Two years ago, Warren Buffett was “confounded” to acquire five Japanese trading businesses.
Buffett told CNBC’s Becky Quick on “Squawk Box” from Tokyo on Wednesday that he was “confounded” that Americans could acquire these firms. “An earnings yield maybe 14% or something like that, but dividends would grow.”
chairman and CEO announced this week that he has increased his holdings in each of the five big Japanese corporations to 7.4% and may invest further. Buffett visits Japan to assist the firms.
Value investors like Buffett evaluate earnings yield as profit per share divided by share price. Investors gain more per share as the number rises.
“I assumed they were major corporations. I understood their businesses. Buffett compared them to Berkshire since they have several interests. “They were selling at what I felt was a crazy price, particularly relative to interest rates at the time.”
Buffett, 92, indicated Wednesday that Berkshire will keep the assets for 10–20 years. Berkshire has indicated it may increase its shareholding in each trading company to 9.9% with board permission.
In the same interview, Greg Abel, Berkshire’s vice chairman of non-insurance operations and Buffett’s successor apparent, said the conglomerate is interested in any “incremental potential” with each business for deal-making.

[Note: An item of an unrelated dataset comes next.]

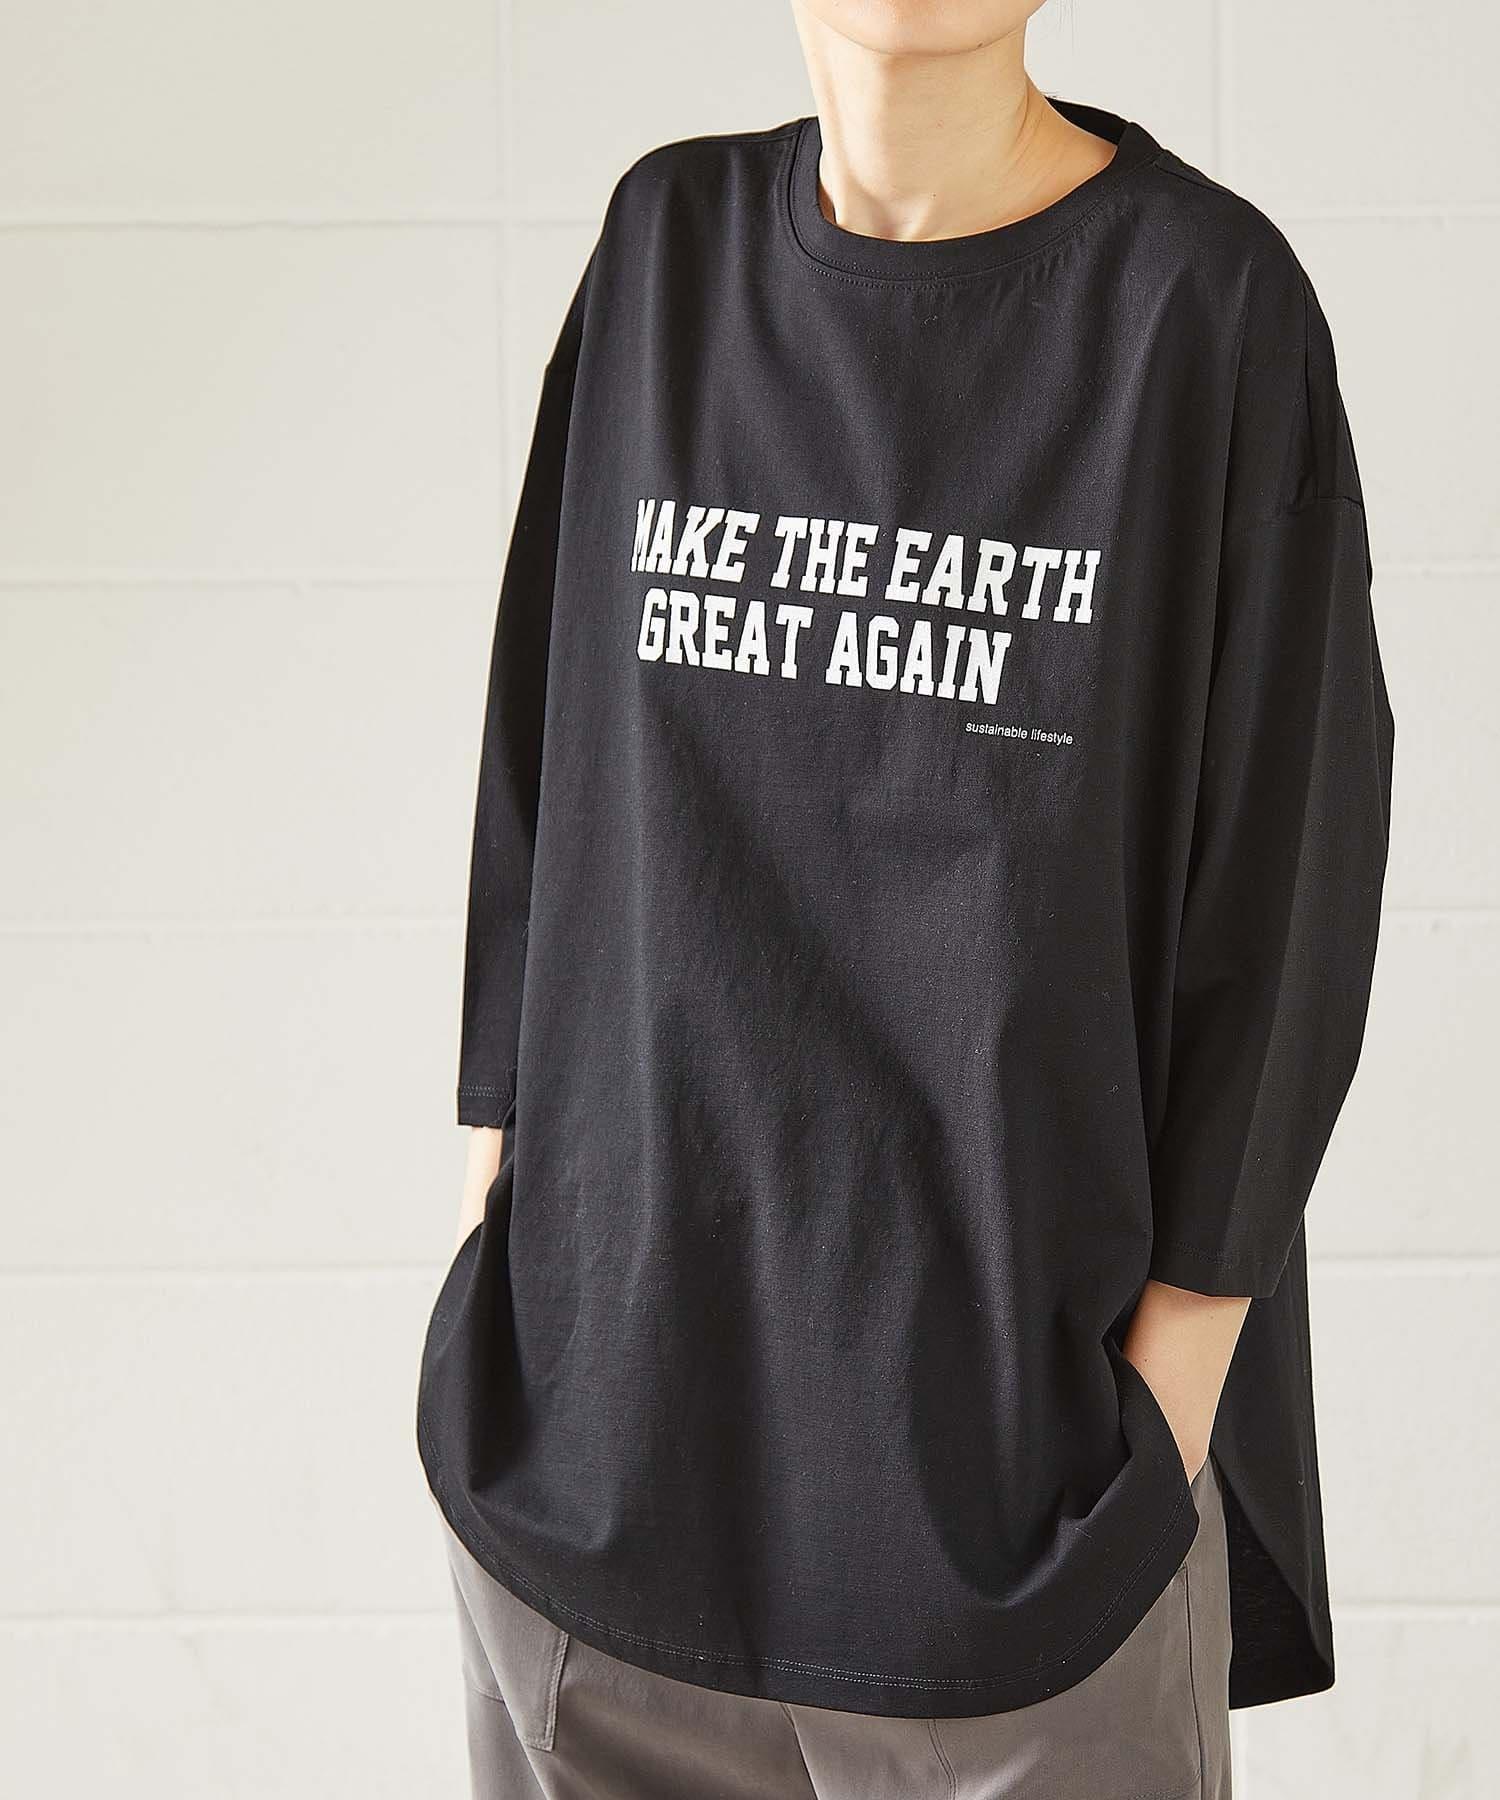 OUVRAGE CLASSE(ウヴラージュクラス) レディース 5分袖ロゴプリントオーバーTシャツ【MAKE THE EARTH】 ブラック
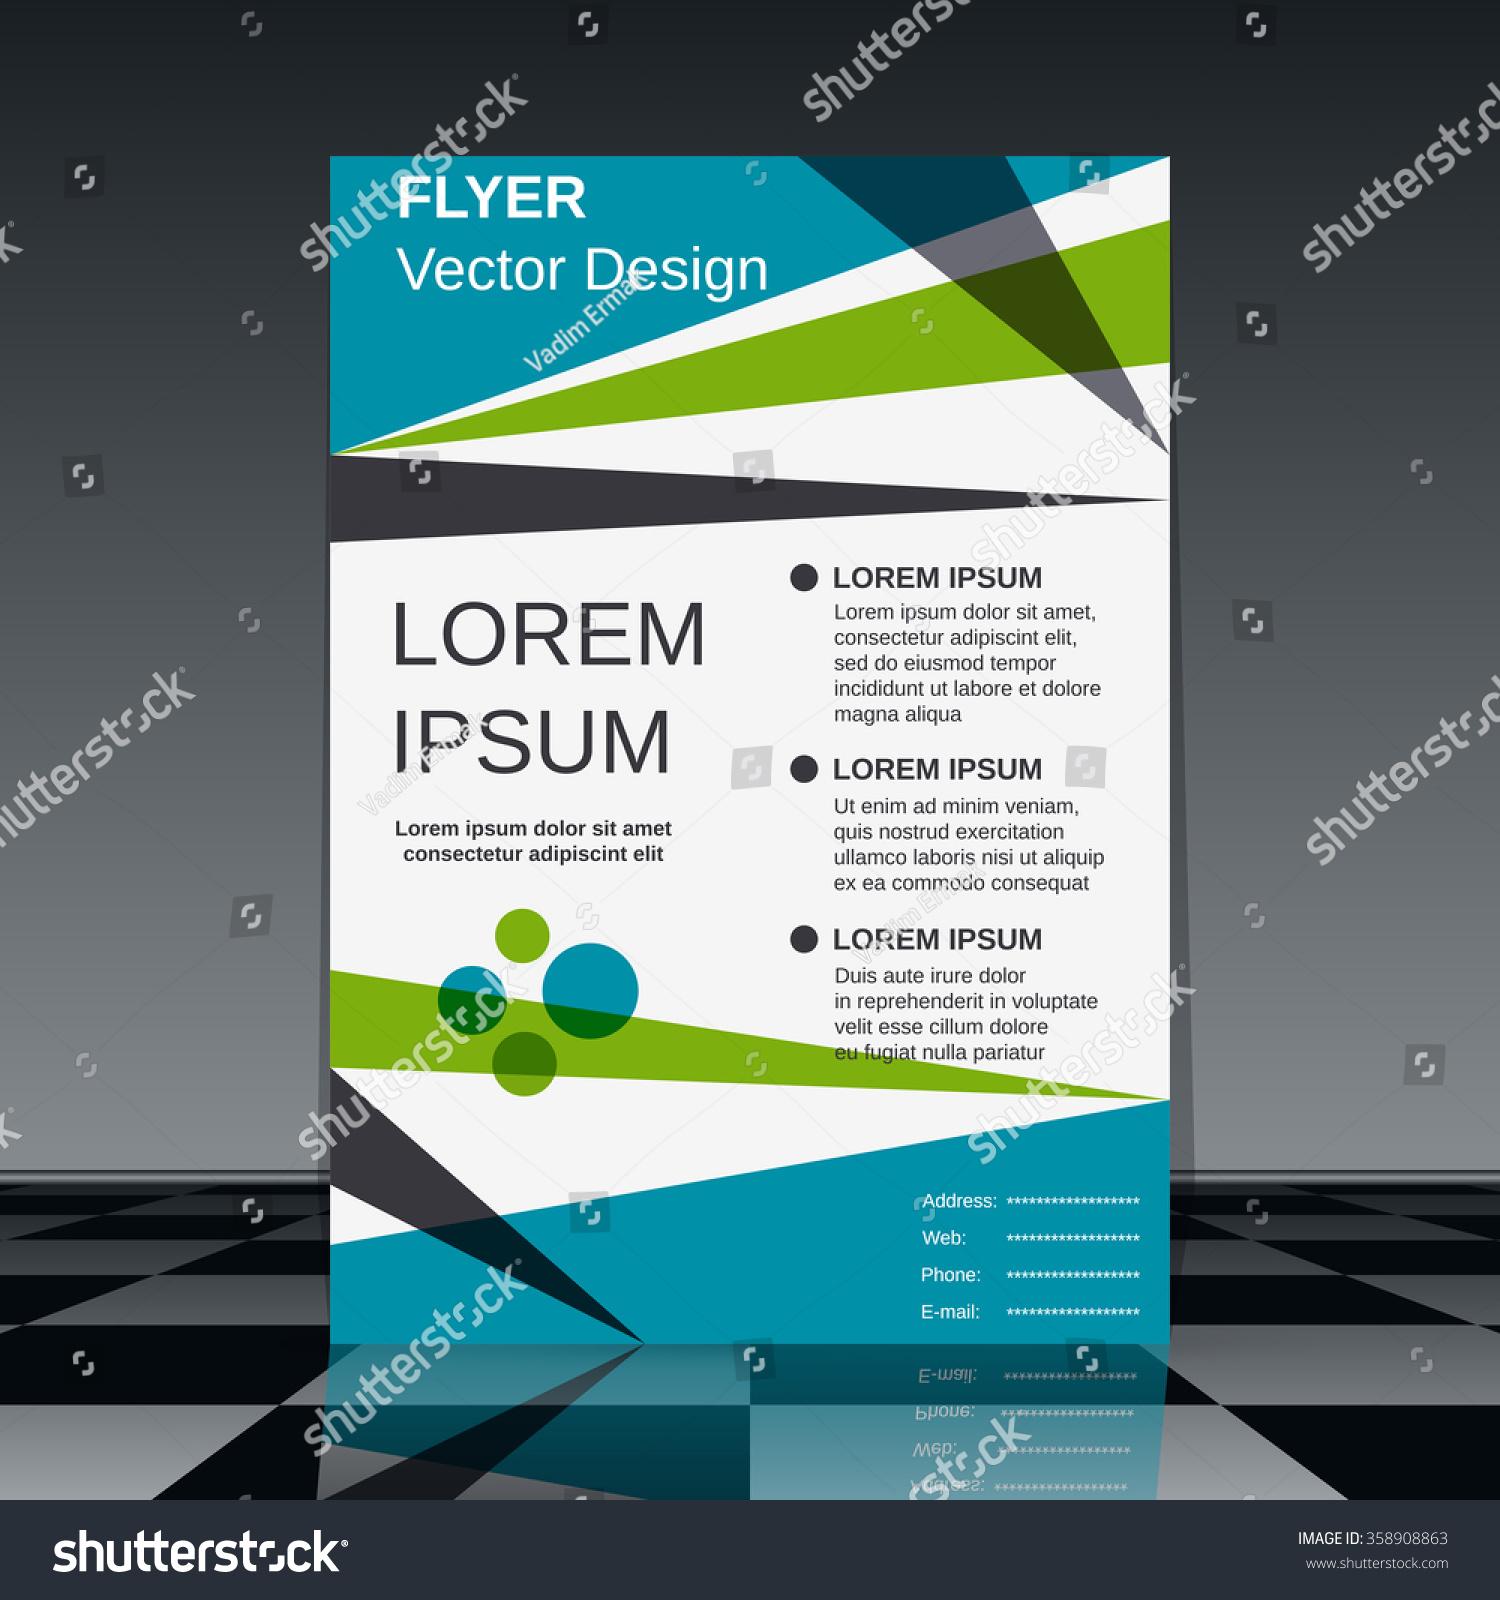 professional flyer design brochure mockup business stock vector professional flyer design brochure mockup business report magazine cover placard

“We would promptly assess it. Warren said larger is better and he’ll answer the phone on the first ring. We’re never broke. Abel said they may call anytime.
On his 90th birthday in August 2020, the “Oracle of Omaha” bought interests in these businesses for $6 billion. Mitsubishi and Panasonic.
Japan’s trading houses, called “sogo shosha,” are conglomerates that deal in many items and commodities. They helped Japan become a worldwide power by importing metals, textiles, food, and other things.
As they grew globally, several investors questioned their sophisticated operations and increased risk exposure. Diversified enterprises may appeal to Buffett. Free cash flow and dividend yields are strong.